Grupo militante da Somália revela ter se aliado à Al-Qaeda

O maior grupo militante islâmico da Somália, o Al-Shabab, confirmou pela primeira vez que se aliou à rede extremista Al-Qaeda. Em um comunicado, o grupo disse que a jihad (guerra santa) do Chifre da África (nordeste africano) deve ser combinada à jihad internacional liderada pela Al-Qaeda.

BBC Brasil |

Rebeldes islâmicos controlam grande parte das regiões central e sul da Somália.
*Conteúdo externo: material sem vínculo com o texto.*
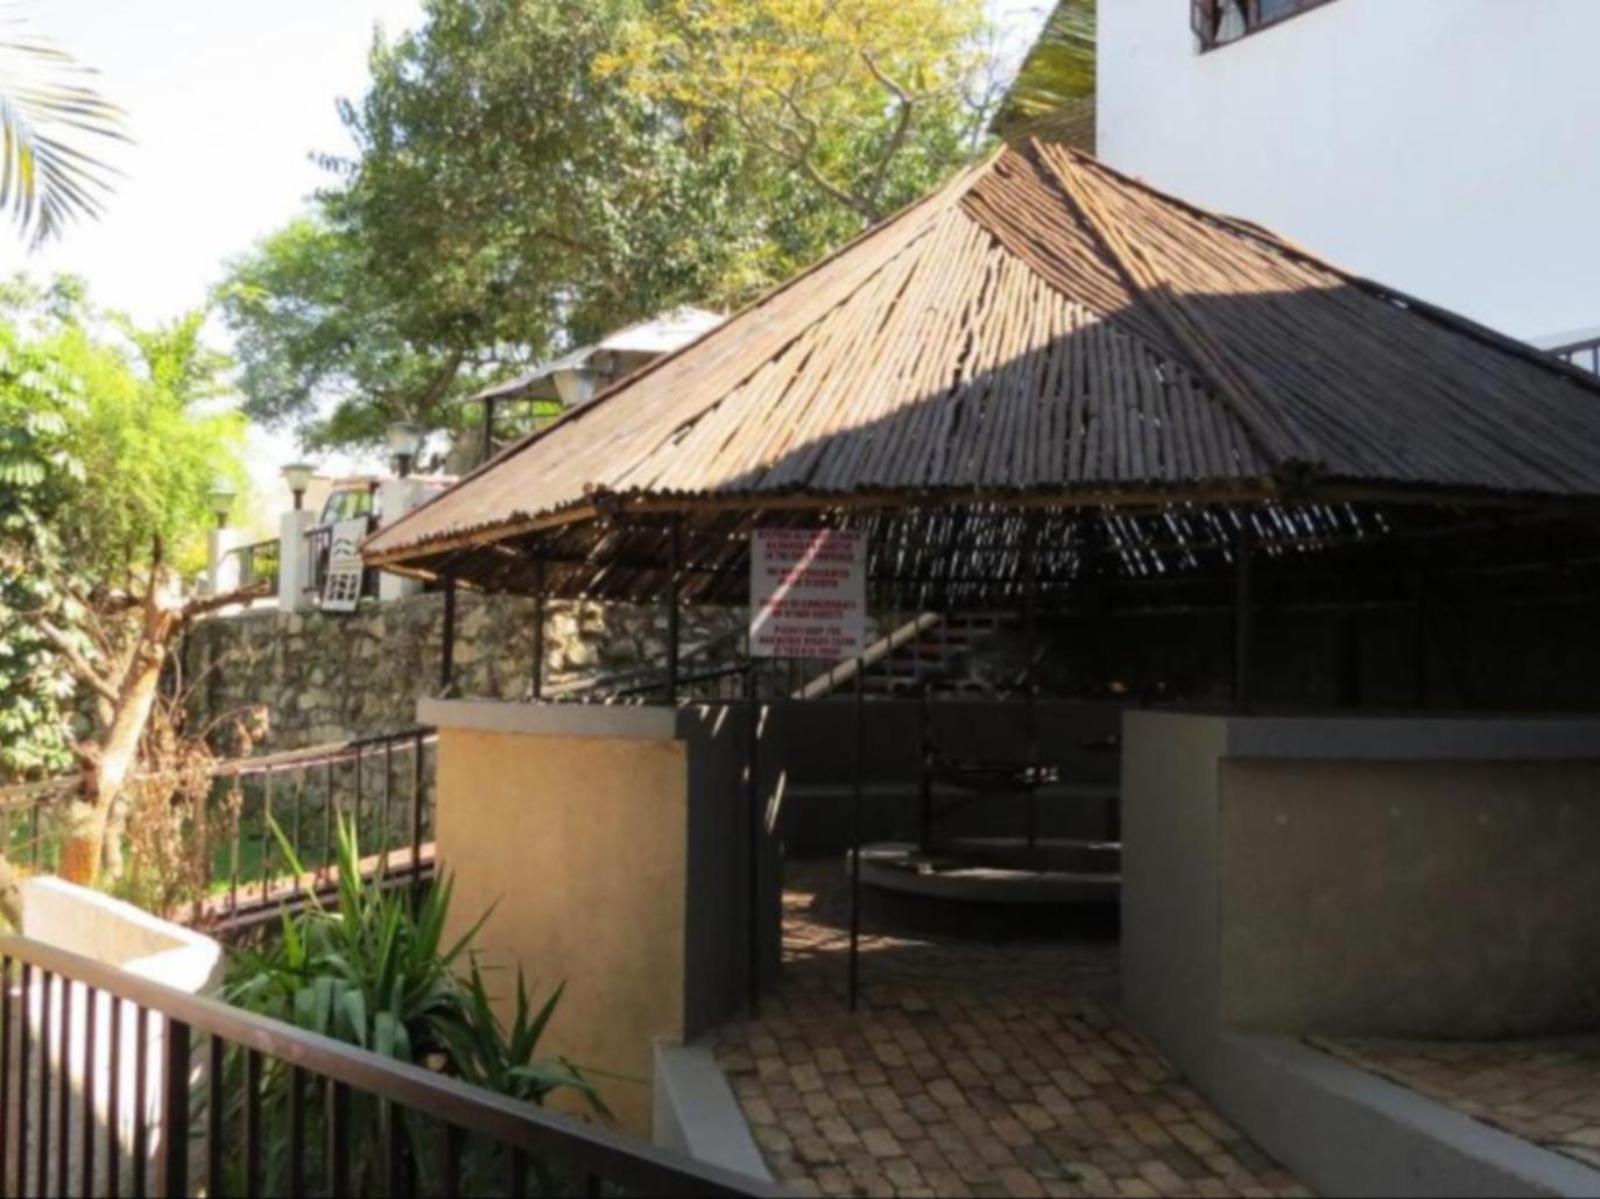 Pensao Guest Lodge Sonheuwel Nelspruit Mpumalanga South Africa House, Building, Architecture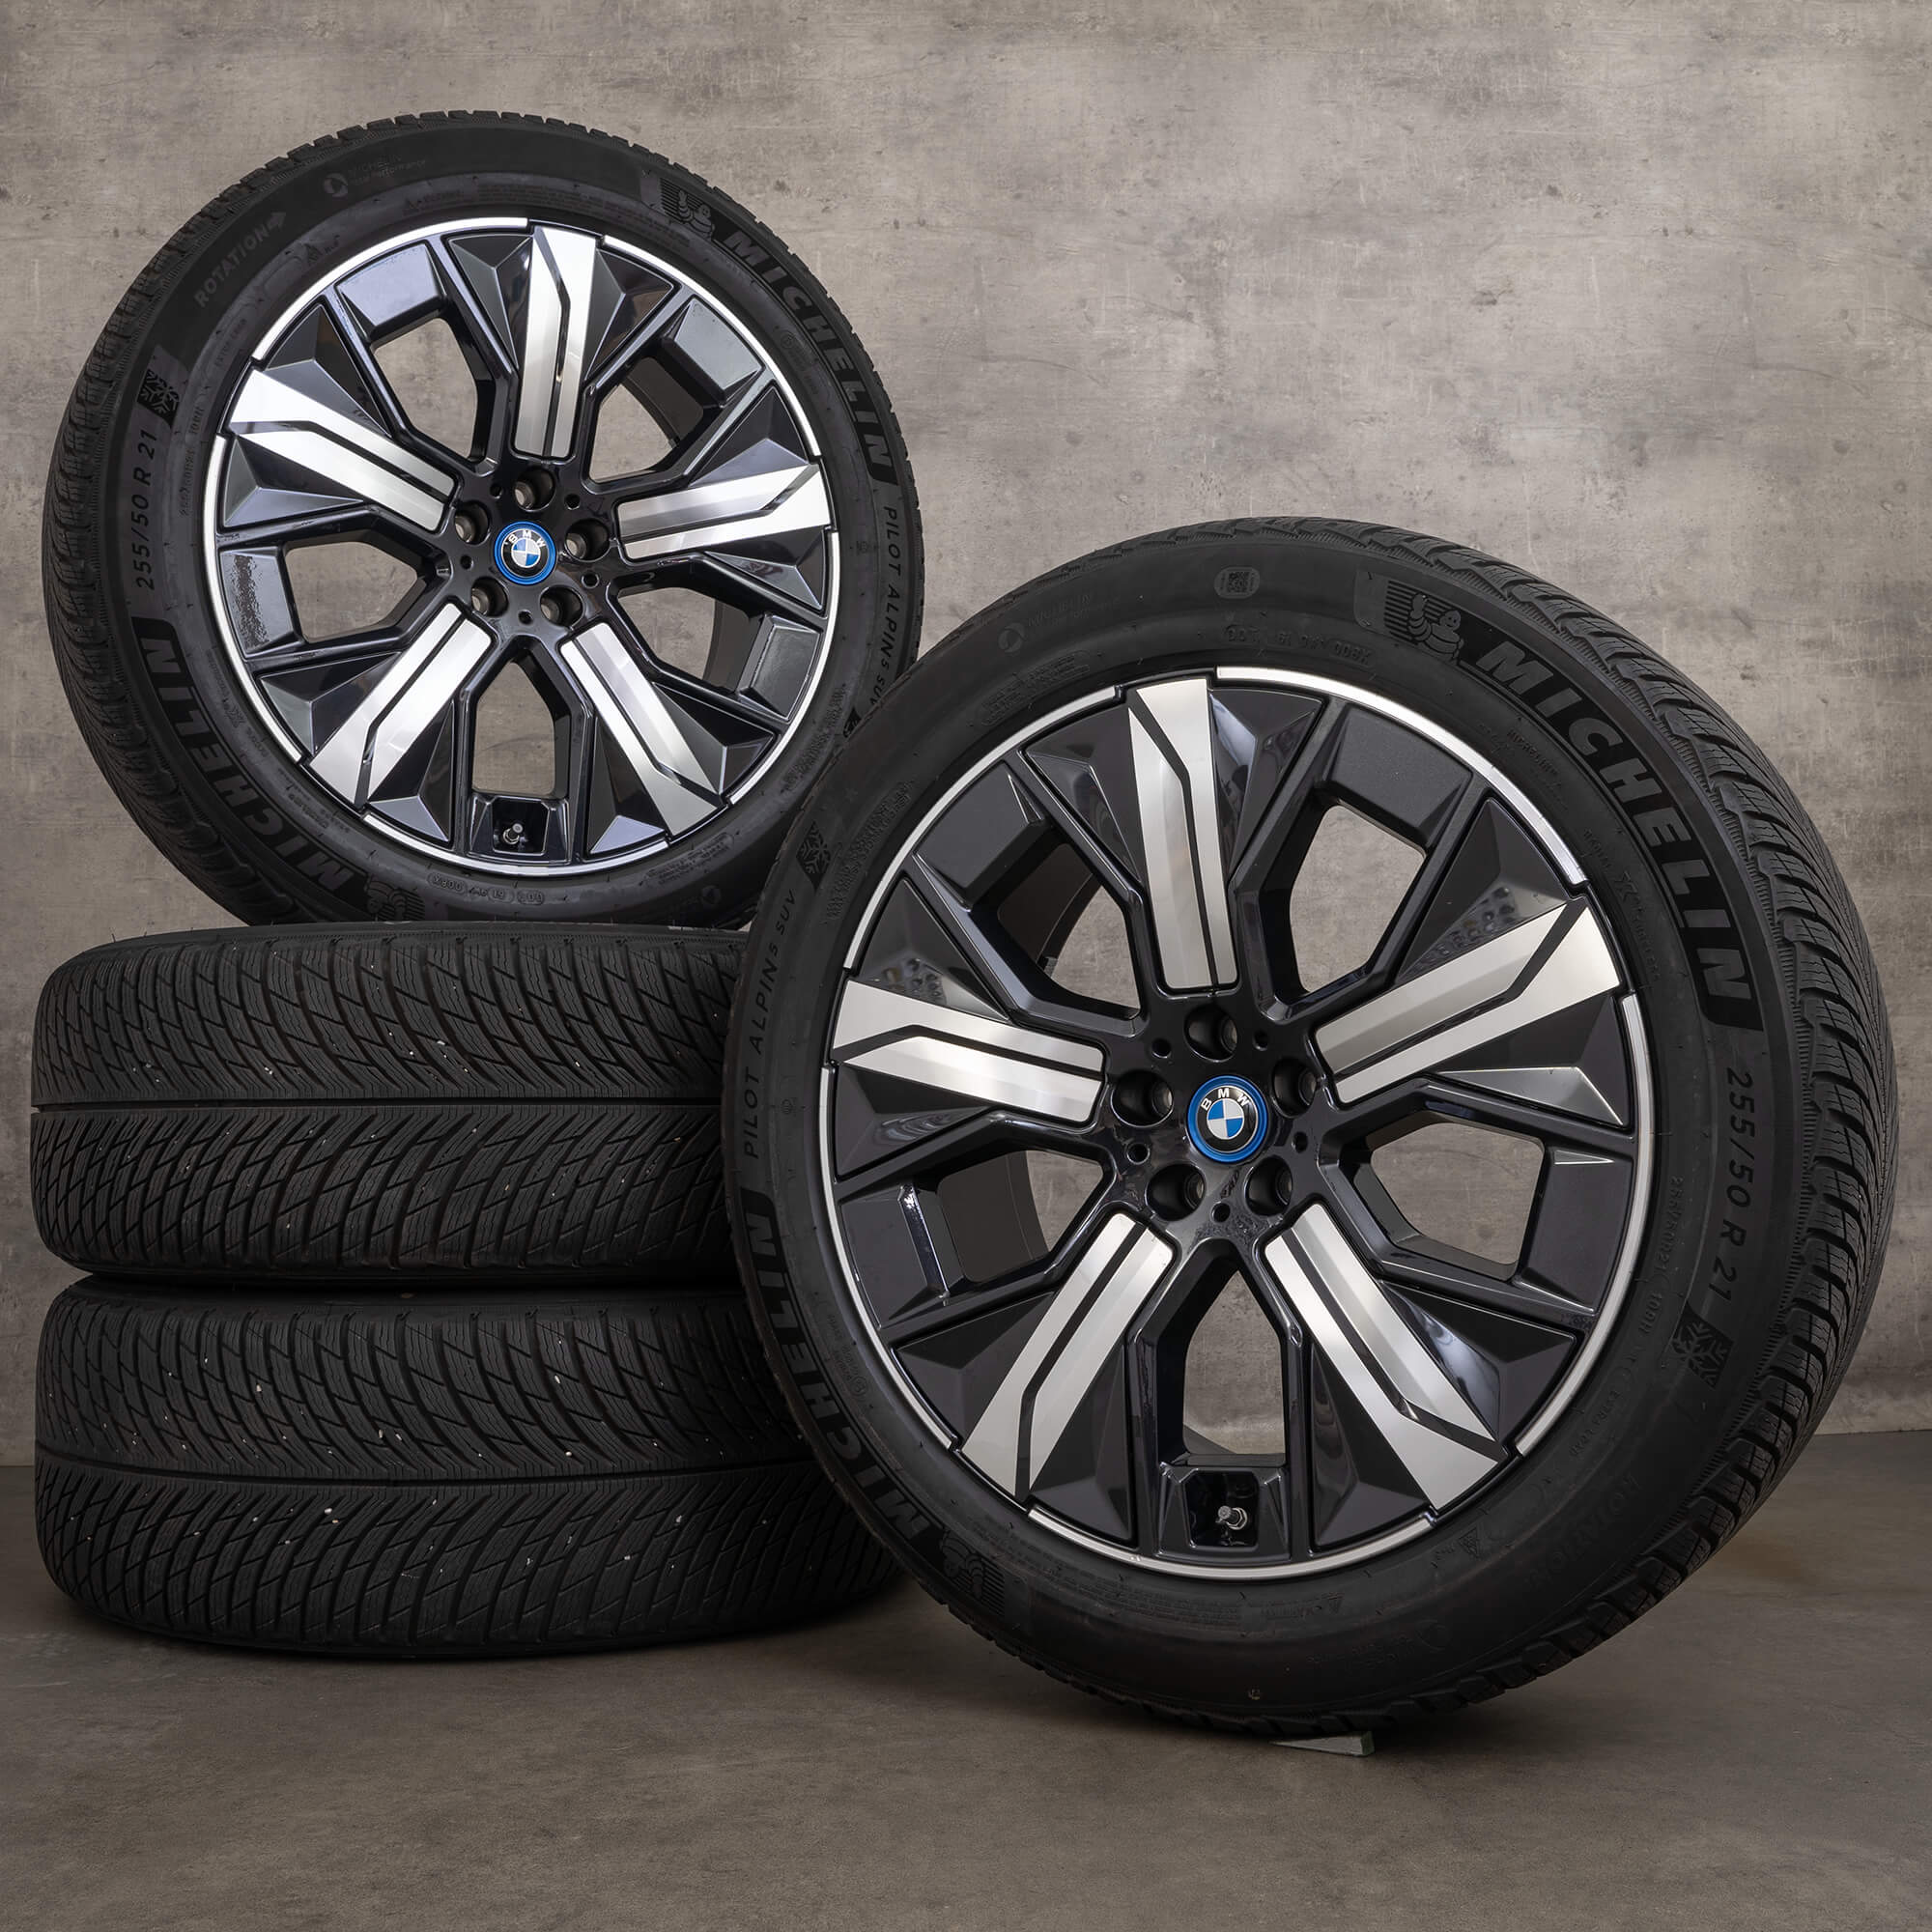 OEM BMW iX i20 21 inch winter tires rims 5A02655 Styling 1011 black

O governo, que tem o apoio da Organização das Nações Unidas (ONU) e da União Africana, controla apenas uma pequena parte de Mogadishu.

O Al-Shabab lançou na sexta-feira uma série de ataques contra alvos do governo e da União Africana na Somália.

Nesta segunda-feira, pelo menos oito pessoas morreram na capital do país, Mogadishu, após confrontos entre tropas do governo e militantes islâmicos, de acordo com a agência de notícias Associated Press.

Outros grupos
Apesar de ter sido acusado várias vezes, pelos Estados Unidos, de estar vinculado à Al-Qaeda, o Al-Shabab negou a associação em entrevista recente à BBC.

Segundo o jornalista da seção somali da BBC Mohamed Mohamed, esta é a primeira vez que o grupo confirma oficialmente que suas atividades estão vinculadas à organização chefiada por Bin Laden.

Na mesma declaração, o grupo anunciou que seus militantes se uniram a um outro grupo rebelde menor chamado Kamboni.

O Kamboni é liderado por Hassan Turki, um militante que os Estados Unidos acusam de ser um "financiador do terrorismo".

O Al-Shabab disse que estava tentando unir todas as forças muçulmanas para criar na Somália um Estado Islâmico baseado em uma interpretação rigorosa da lei Sharia, ou lei islâmica.

O grupo, que controla áreas da Somália, fez execuções públicas e apedrejamentos.

Violência e disputas pelo poder vêm causando destruição na Somália há duas décadas. Não existe um governo unificado no país desde 1991.